Glycerinated rabbit fast skeletal muscle fibers were chemically skinned with 1% Brij 35 and partially depleted of endogenous troponin C subunit (TnC) by exposure of the fibers to EDTA. The TnC-depleted fibers exhibited a decrease in maximal tension that was mostly restored by readdition of TnC or by the addition of the fluorescent 5-dimethylaminonaphthalene-1-sulfonyl aziridine analogue, TnC(Danz). TnC(Danz) is known to undergo an increase in fluorescence intensity when Ca2+ binds to the two low affinity Ca2+-specific regulatory sites of TnC. Steady-state fractional fluorescence and tension changes were measured simultaneously as a function of Ca2+. The Ca2+ sensitivity of the fluorescence curve was about 0.6 log unit greater than the tension curve. This difference in sensitivity could be explained if separate conformational states of TnC, brought about by Ca2+ binding to the Ca2+-specific sites, produce the fluorescence and tension changes. TnC-depleted fibers were also reconstituted with the fluorescent 2-[(4'-iodoacetamido)analino] naphthalene-6-sulfonic acid analogue, cardiac TnC(Iaans), which undergoes an increase in fluoresence intensity when Ca2+ binds to the single Ca2+-specific regulatory site.
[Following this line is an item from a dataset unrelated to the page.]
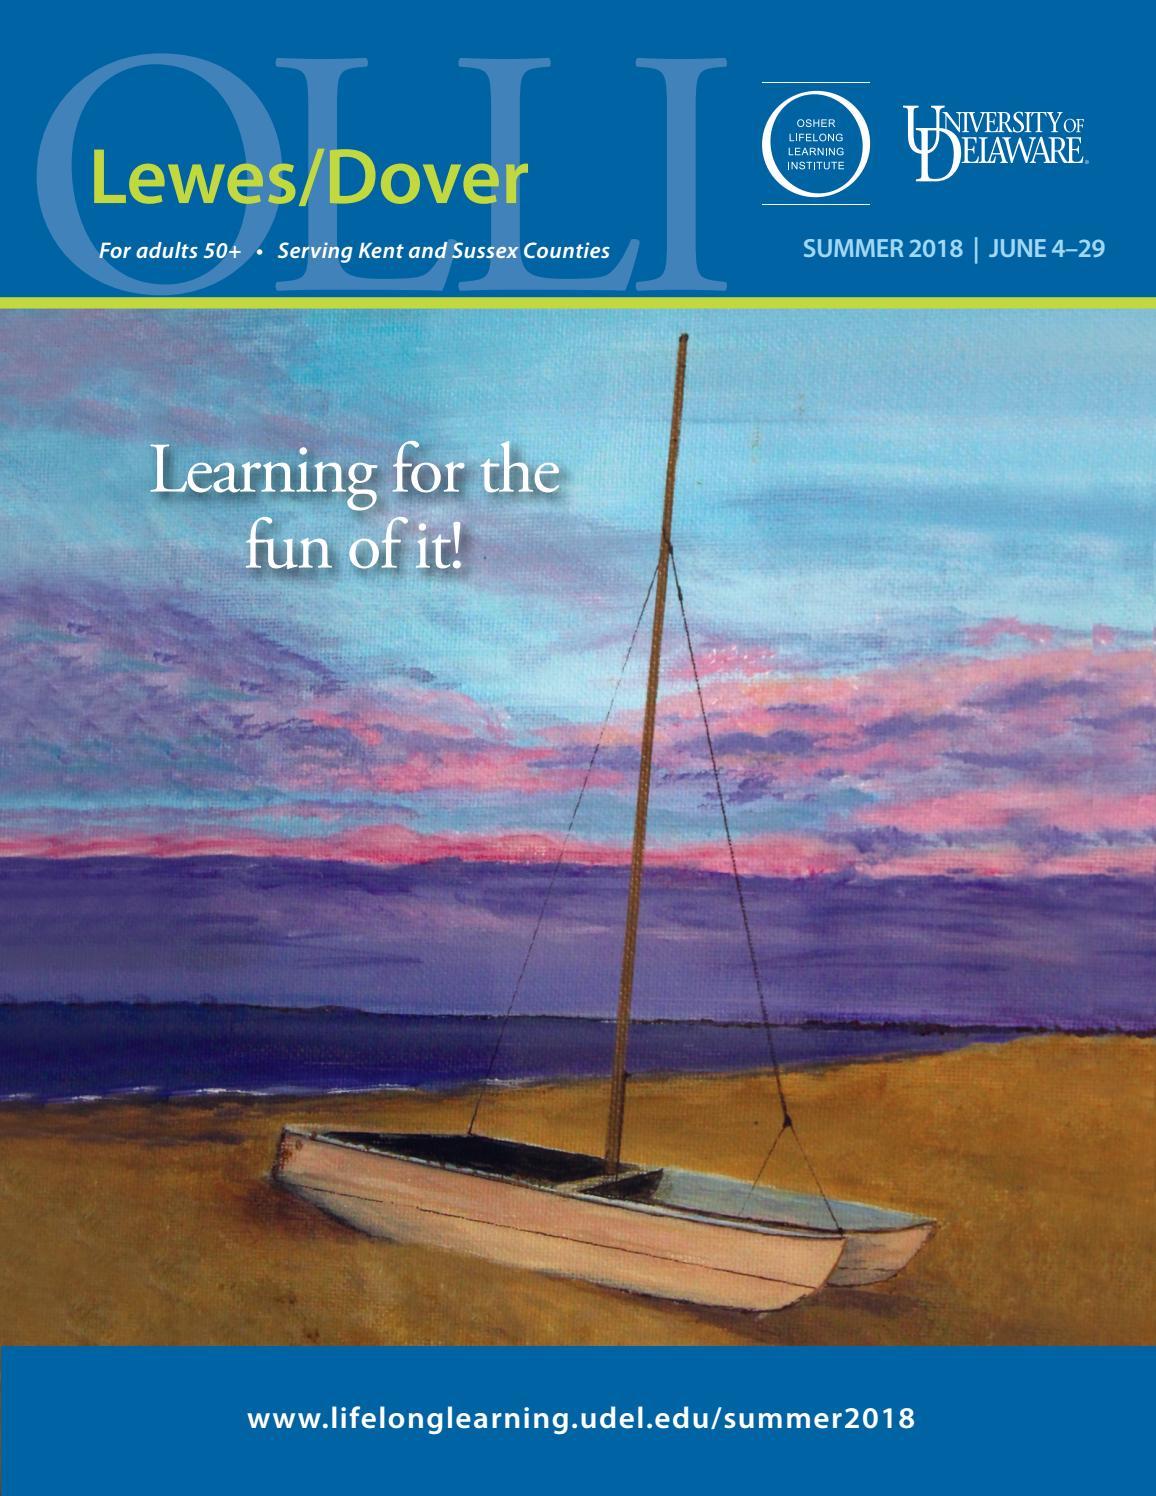 UD Osher Lewes/Dover Catalog, Summer 2018 by University of Delaware ...

The steady-state fractional fluorescence and tension curves for fibers reconstituted with cardiac TnC(Iaans) had nearly the same Ca2+ sensitivity. The steady-state fractional fluorescence of myofibrils reconstituted with TnC(Danz) was found to have a greater sensitivity to Ca2+ than the simultaneously measured ATPase. In all cases paired fractional fluorescence and activity curves tended to have parallel dependence on Ca2+. These procedures make it possible to study the Ca2+ binding properties of the Ca2+-specific sites in intact myofibrils and skinned fibers; the results presented suggest that the Ca2+ affinity of the Ca2+-specific sites of troponin are reduced in the thin filament compared to that of troponin in solution.

Original languageEnglish
Pages (from-to)15883-15890
Number of pages8
JournalJournal of Biological Chemistry
Volume261
Issue number34
StatePublished - Dec 1 1986
Externally publishedYes

Fingerprint

Troponin C
Myofibrils
Skeletal Muscle Fibers
Muscle
Fibers
Fluorescence
Troponin
Sulfonic Acids
Edetic Acid
Adenosine Triphosphatases

ASJC Scopus subject areas

  • Biochemistry

Cite this

Fast skeletal muscle skinned fibers and myofibrils reconstituted with N-terminal fluorescent analogues of troponin C. / Zot, H. G.; Guth, K.; Potter, J. D.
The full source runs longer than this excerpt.